Originally Posted by *Twinklefae* 
I like to stick to "Nope, it's never time to teach a child that their parent's don't care enough to come and get them." But you may find that a little too rude. (It has to be rude to get my father's attention)

In no way, shape, or form is that rude. What IS rude is suggesting someone neglect their child's needs.


----------



## gabysmom617 (Nov 26, 2005)

So, correct me if I"m wrong, but you are looking for snappy comebacks to the "how's she sleeping?" question?

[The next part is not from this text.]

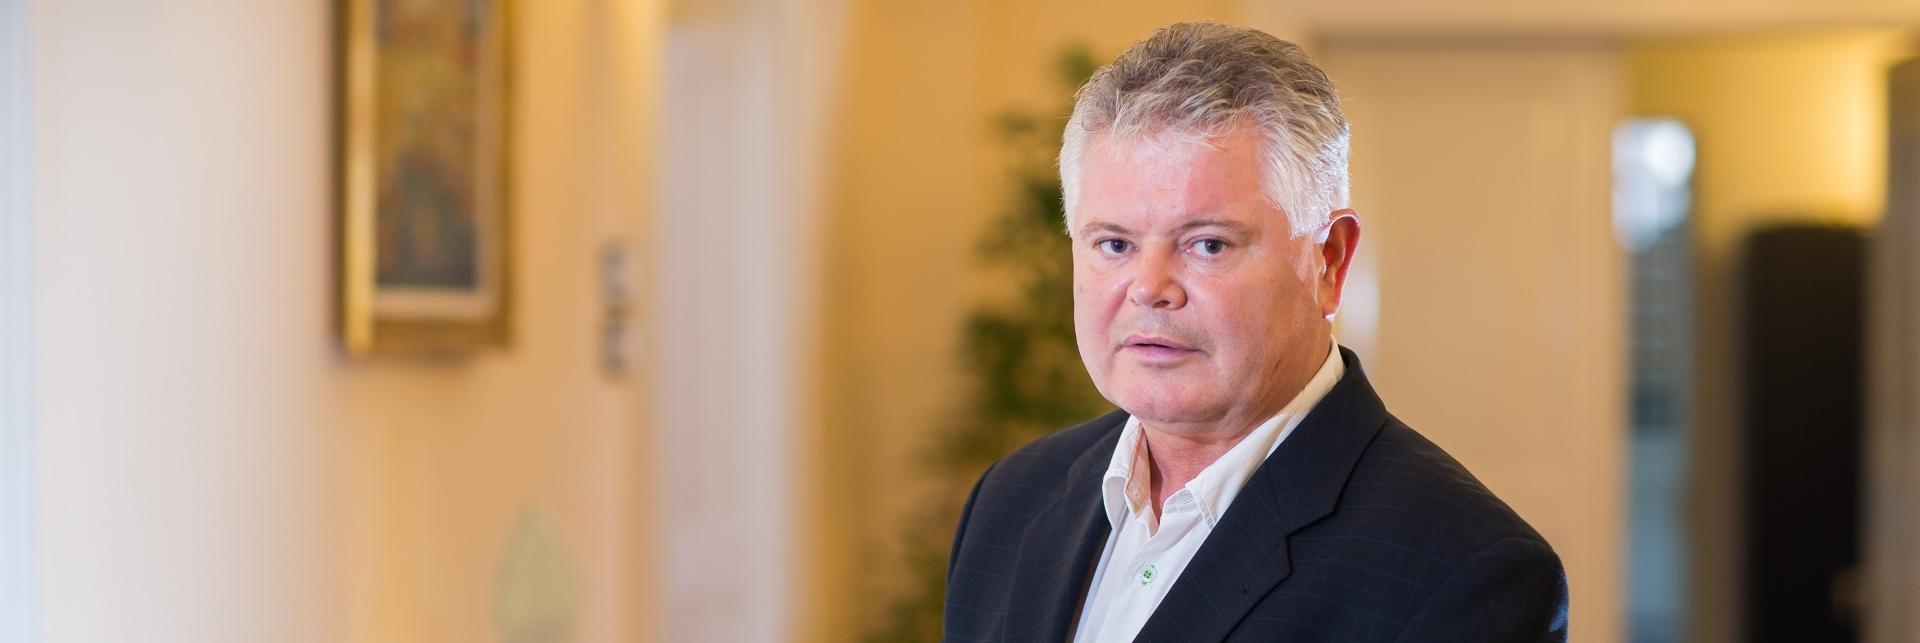 ANDRO VLAHUŠIĆ: Uskoro potpisujemo novi ugovor za Revelin, vrijedan 20 milijuna kuna

Say "oh wonderful", and walk away.

In my opinion, what's going on in your bedroom is absolutely nobody's business, including family. But that's just me.







:


----------



## TinyMama (Sep 4, 2007)

I agree w/pp--say she's sleeping fine, but YOU had trouble sleeping last night/"I woke up so early this morning and couldn't get back to sleep!" It's true, too.









In repsonse to CIO suggestions, I say, "DH and I are philosophically opposed to sleep training."


----------



## Maluhia (Jun 24, 2007)

I always go with the "I don't like to sleep alone so why should a helpless baby?" but then people think you are doing it for your pleasure and get all freaky sometimes - I just look at them strange like that thought has NEVER crossed my mind.

I also go with the 'well, the modern idea of locking a child away from their parents to sleep alone coincides with an increase in SIDS in modern society - I'm just not willing to risk that, are you?"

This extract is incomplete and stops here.